◆ Activity
From the line containing "La Iglesia de" down to the last line of the listing, quote everything word for word, and nothing else, keeping pictures out.

◆ Information supplied
[Start of section]

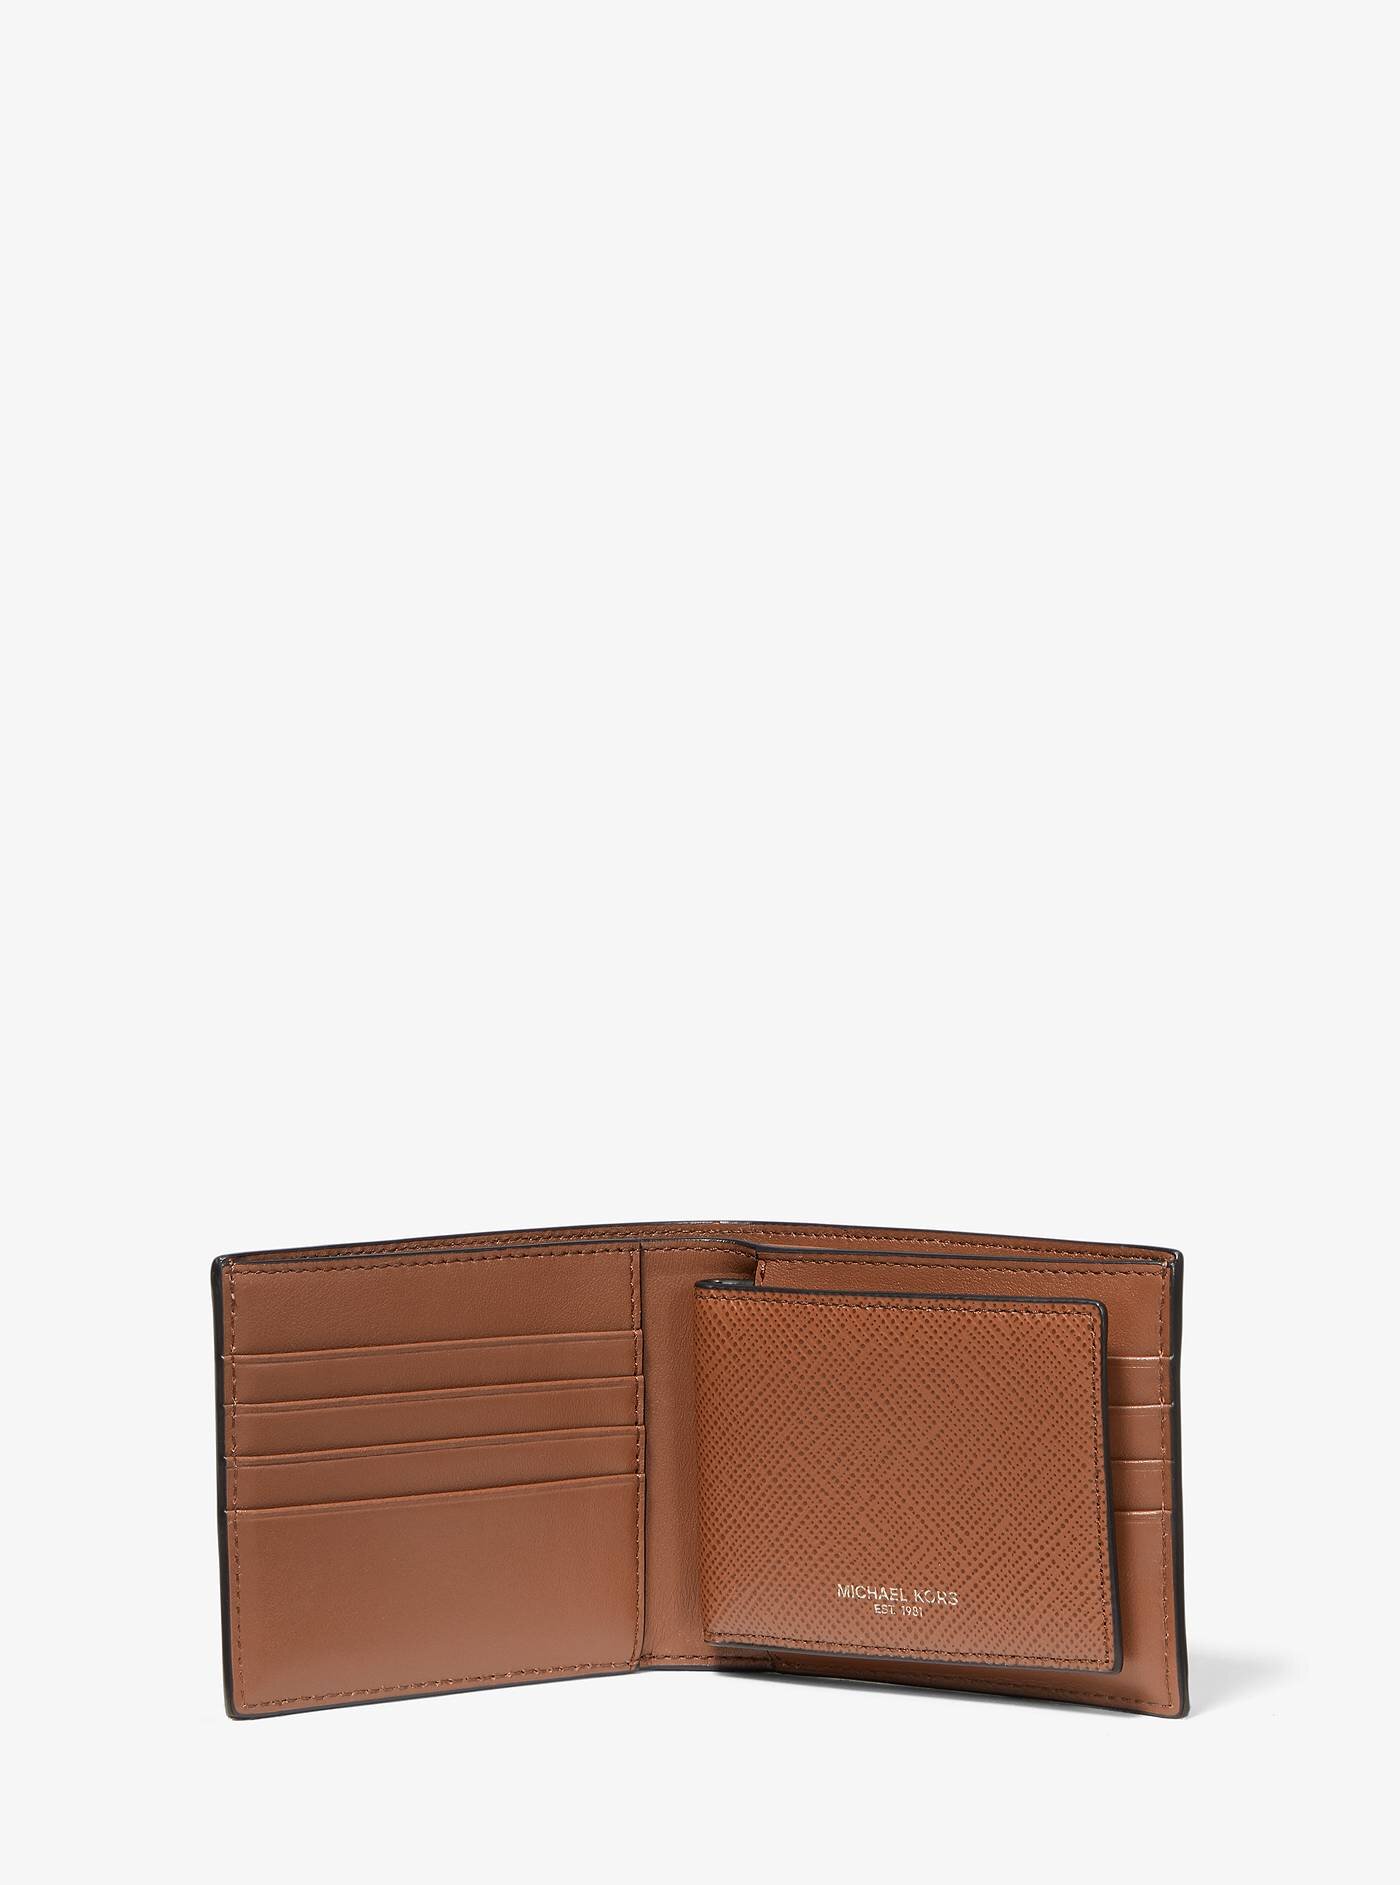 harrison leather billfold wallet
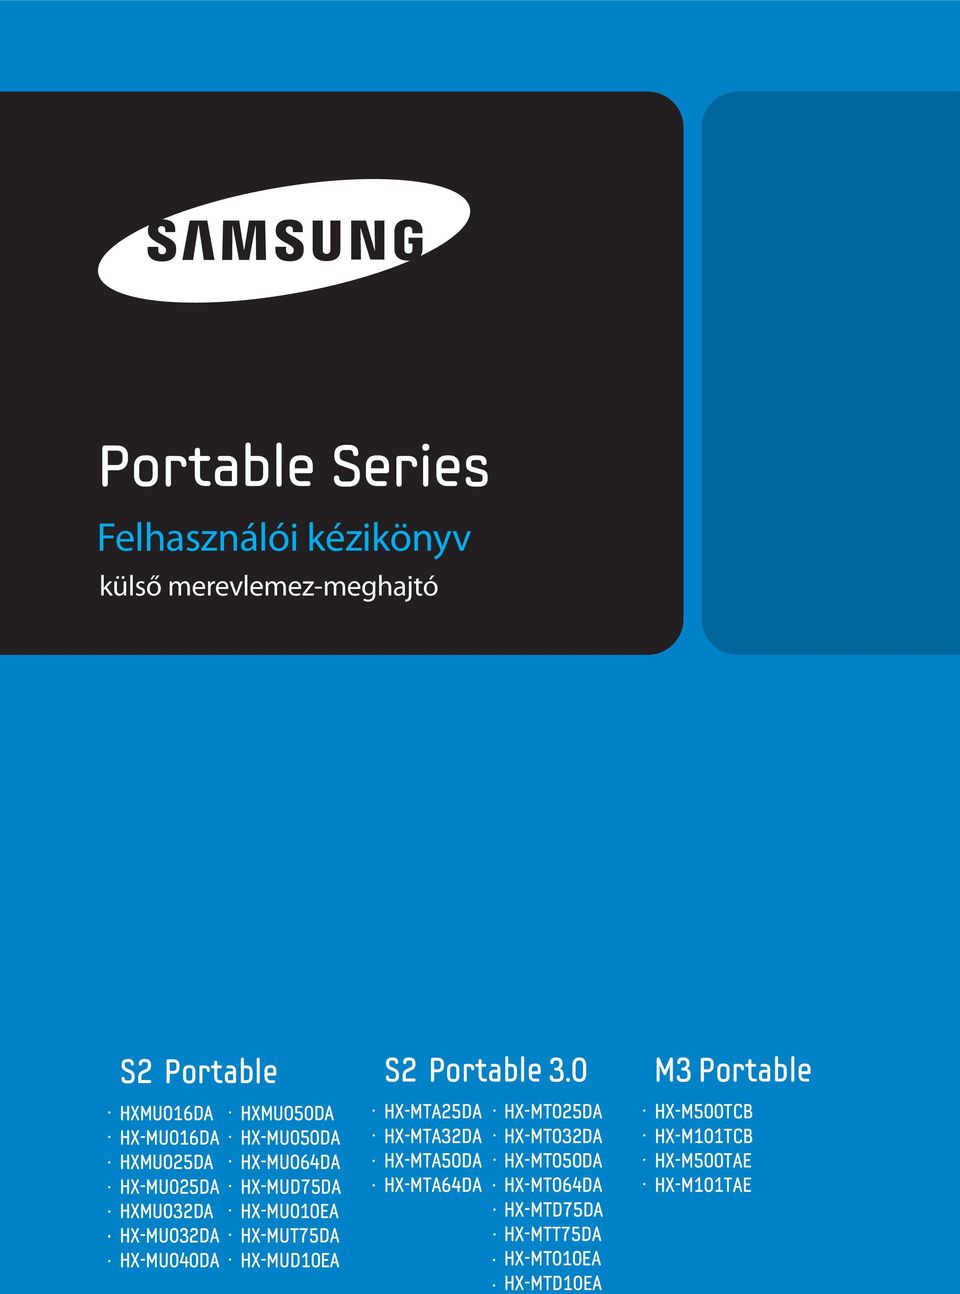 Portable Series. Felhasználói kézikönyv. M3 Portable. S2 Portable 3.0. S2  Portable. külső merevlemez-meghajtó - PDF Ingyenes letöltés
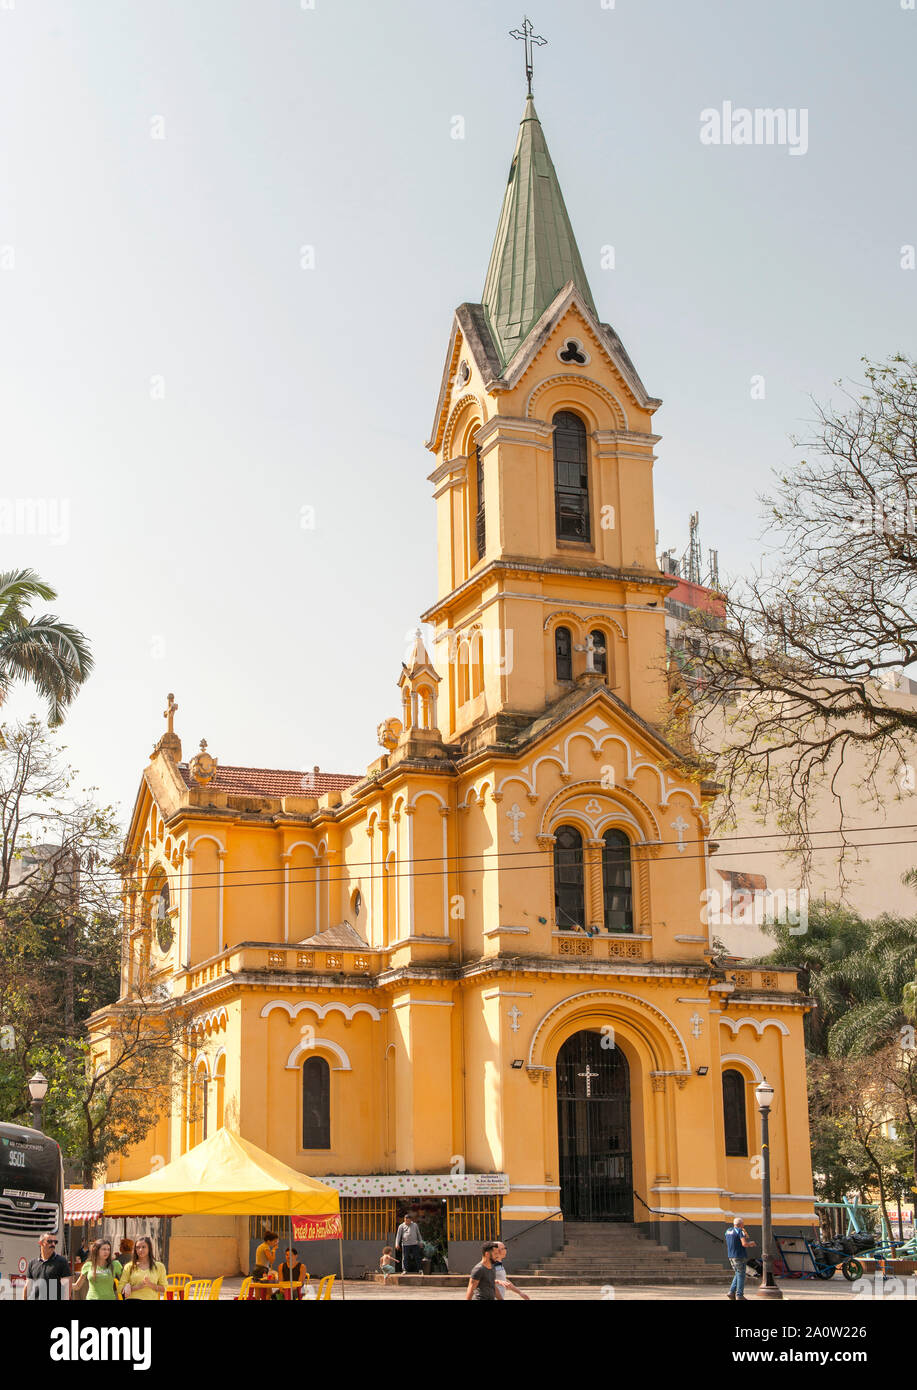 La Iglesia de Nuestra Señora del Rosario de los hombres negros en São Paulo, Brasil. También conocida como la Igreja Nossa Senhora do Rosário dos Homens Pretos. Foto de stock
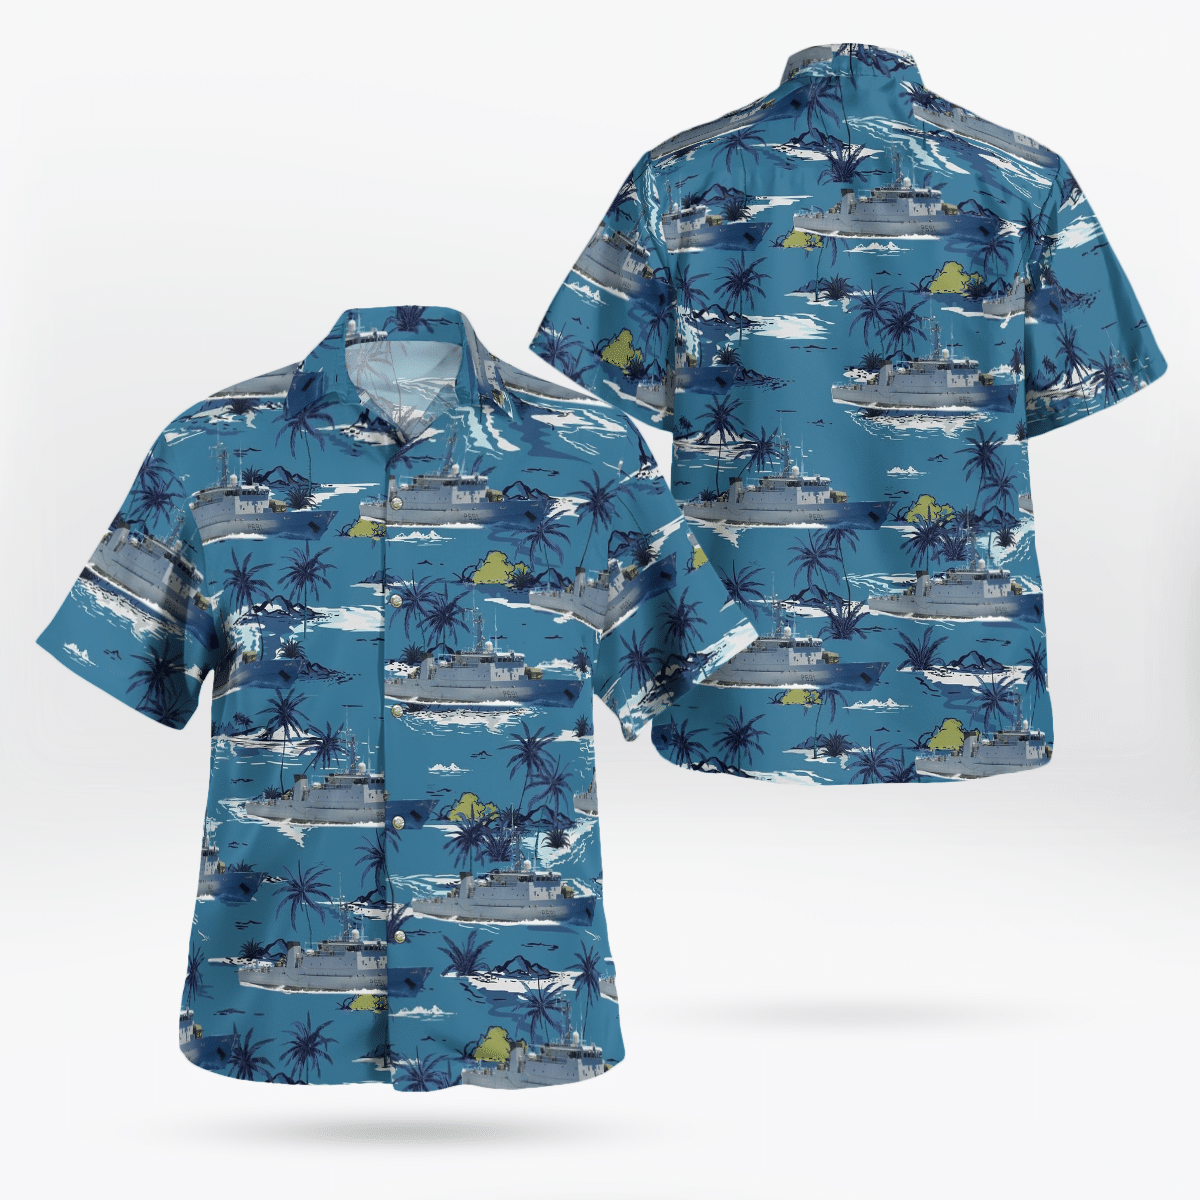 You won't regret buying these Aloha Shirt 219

[End of section]

◆ Output of the exercise
 La Iglesia de Nuestra Señora del Rosario de los hombres negros en São Paulo, Brasil. También conocida como la Igreja Nossa Senhora do Rosário dos Homens Pretos. Foto de stock
 You won't regret buying these Aloha Shirt 219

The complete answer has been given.